The circumstances for such a double dissolution are outlined below. It sits in Parliament House in the state capital, Adelaide.

[3]:127 "Contingency voting", a form of preferential voting, was introduced from 1930. [8], Following the similar Senate changes which took effect from the 2016 federal election, as of the 2018 state election, South Australia's single transferable vote in the proportionally represented upper house was changed from group voting tickets to optional preferential voting − instructions for above the line votes are to mark '1' and then further preferences are optional as opposed to preference flows from simply '1' above the line being determined by group voting tickets, while instructions for voters who instead opt to vote below the line are to provide at least 12 preferences as opposed to having to number all candidates, and with a savings provision to admit ballot papers which indicate at least 6 below the line preferences.

[14] It consisted of 26 low-population rural seats holding up to a 10-to-1 advantage over the 13 high-population metropolitan seats in the state parliament, even though rural seats contained only a third of South Australia's population. The purpose of the Legislative Council was, as with the 19th century House of Lords, to safeguard the "longer term interests of the nation rather than just reacting to short term ephemeral issues of the day". House of Assembly.   Dennis Hood ^^ defected from AC/FFP after 2018 election, elected 2014: David Ridgway It was expanded slightly in 1843, when several prominent landowners were allowed to join. [9], At the 2018 election, the 11 of 22 seats up for election were 4 Liberal, 4 Labor, 1 Green, 1 Conservative and 1 Dignity. The Legislative Council, or upper house, is one of the two chambers of the Parliament of South Australia.Its central purpose is to act as a house of review for legislation passed through the lower house, the House of Assembly.It sits in Parliament House in the state capital, Adelaide.. The Legislative Council was elected by property owners only, while the 36-member House of Assembly was elected by a full male franchise. [6], The new council was designed to be deadlocked, and for a party majority to be hard to gain. [7], The proportional system used in 1973 was party-list proportional representation, but this was modified in 1985. If half the chamber has served at least 6 years at the time of a dissolution, then they go up for election, but if all Legislative Councillors have served less than 6 years, only the House of Assembly faces the people.

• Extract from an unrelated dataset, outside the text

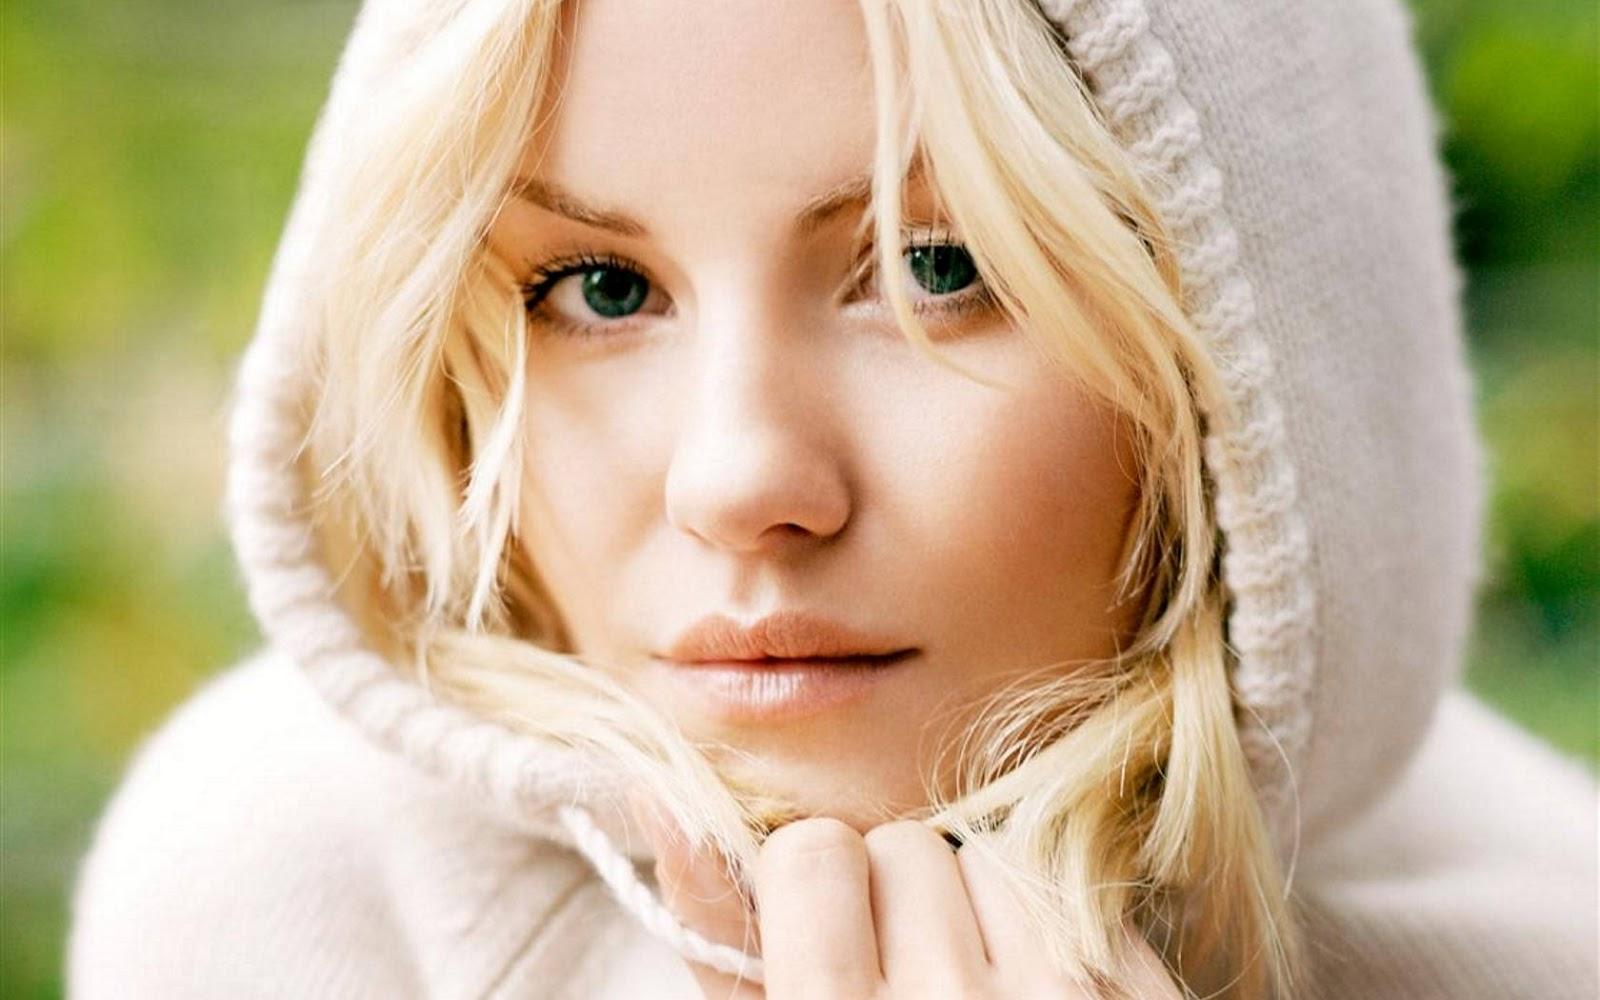 gorgeous actress elisha cuthbert - photo #4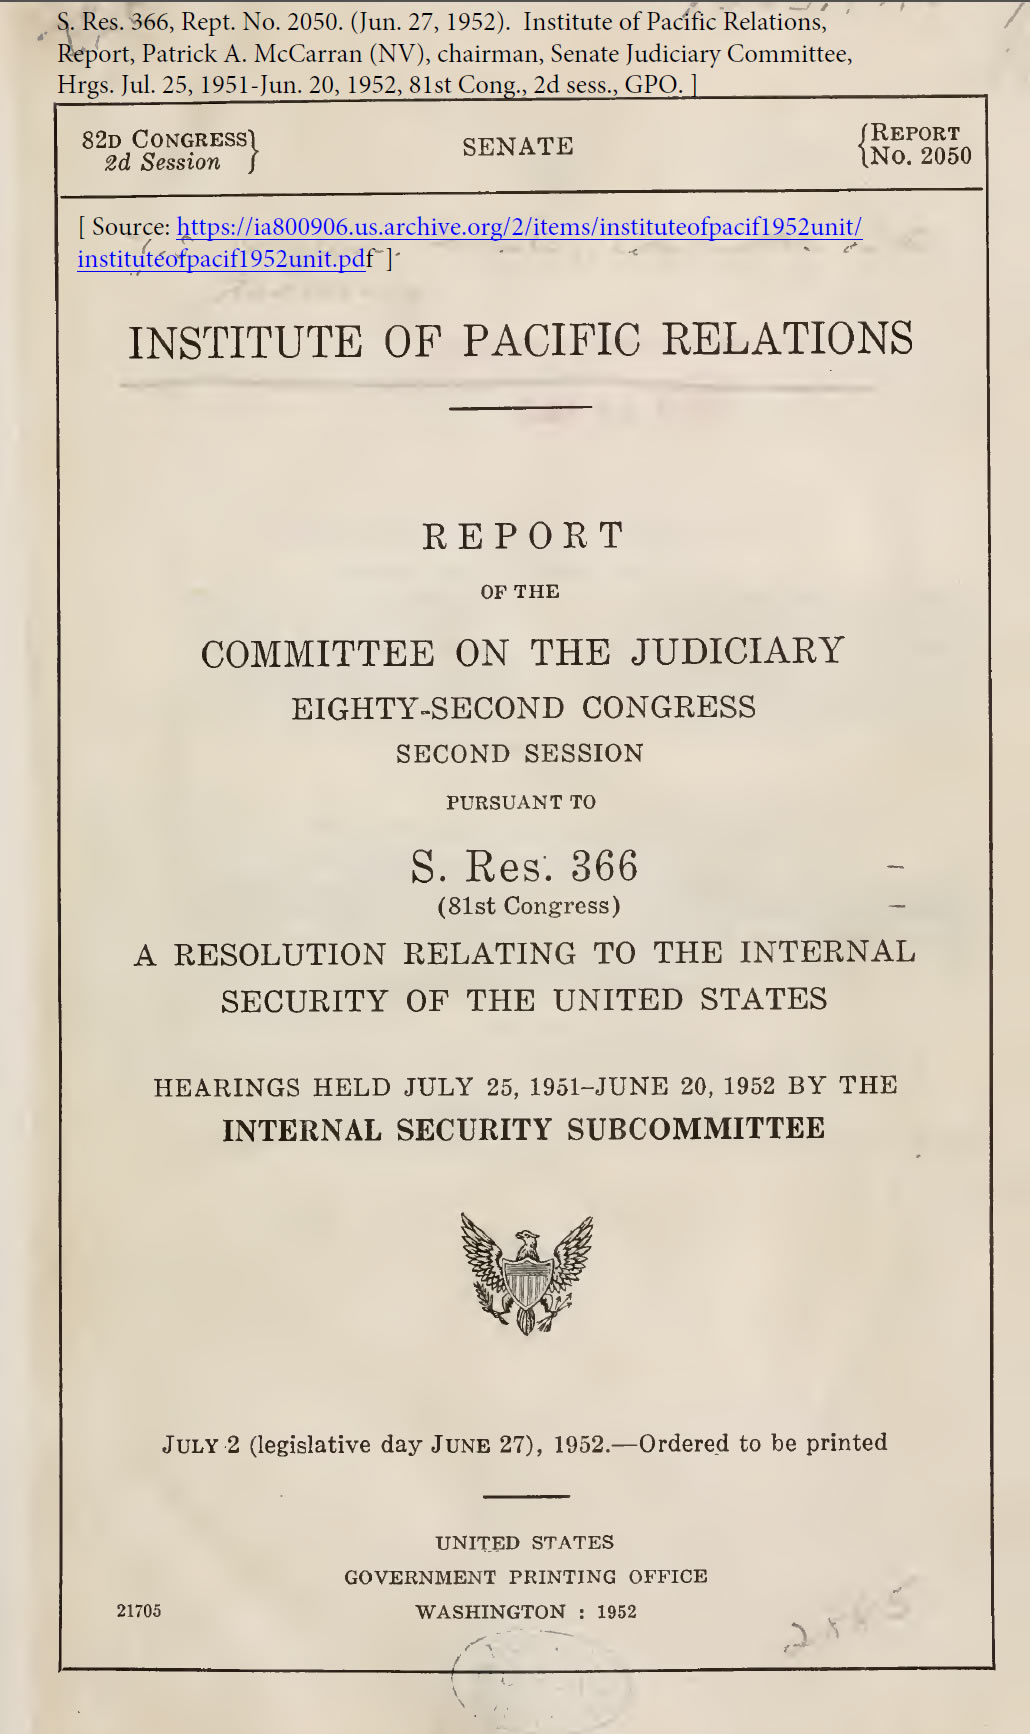 S. Res. 366, Rept. No. 2050. (Jun. 27, 1952). Institute of Pacific Relations, Report, Patrick A. McCarran (NV), chairman, Senate Judiciary Committee, Hrgs. Jul. 25, 1951-Jun. 20, 1952, 81st Cong., 2d sess., GPO.

Rob Lucas [12], From 1857 to 1933, the House of Assembly was elected from multi-member districts, commonly known as "seats," with each district returning between one and six members. Russell Wortley As Legislative Councillors have been elected using proportional representation since the mid 1970s, the chamber features a multitude of parties vying for power. After the changes, it consisted of 24 members, four official (filling what would be today ministerial positions) and four non-official members, both nominated by the governor on behalf of the Crown, and 16 elected members. From inception to 1882, it had 18 members elected by a single colony-wide district.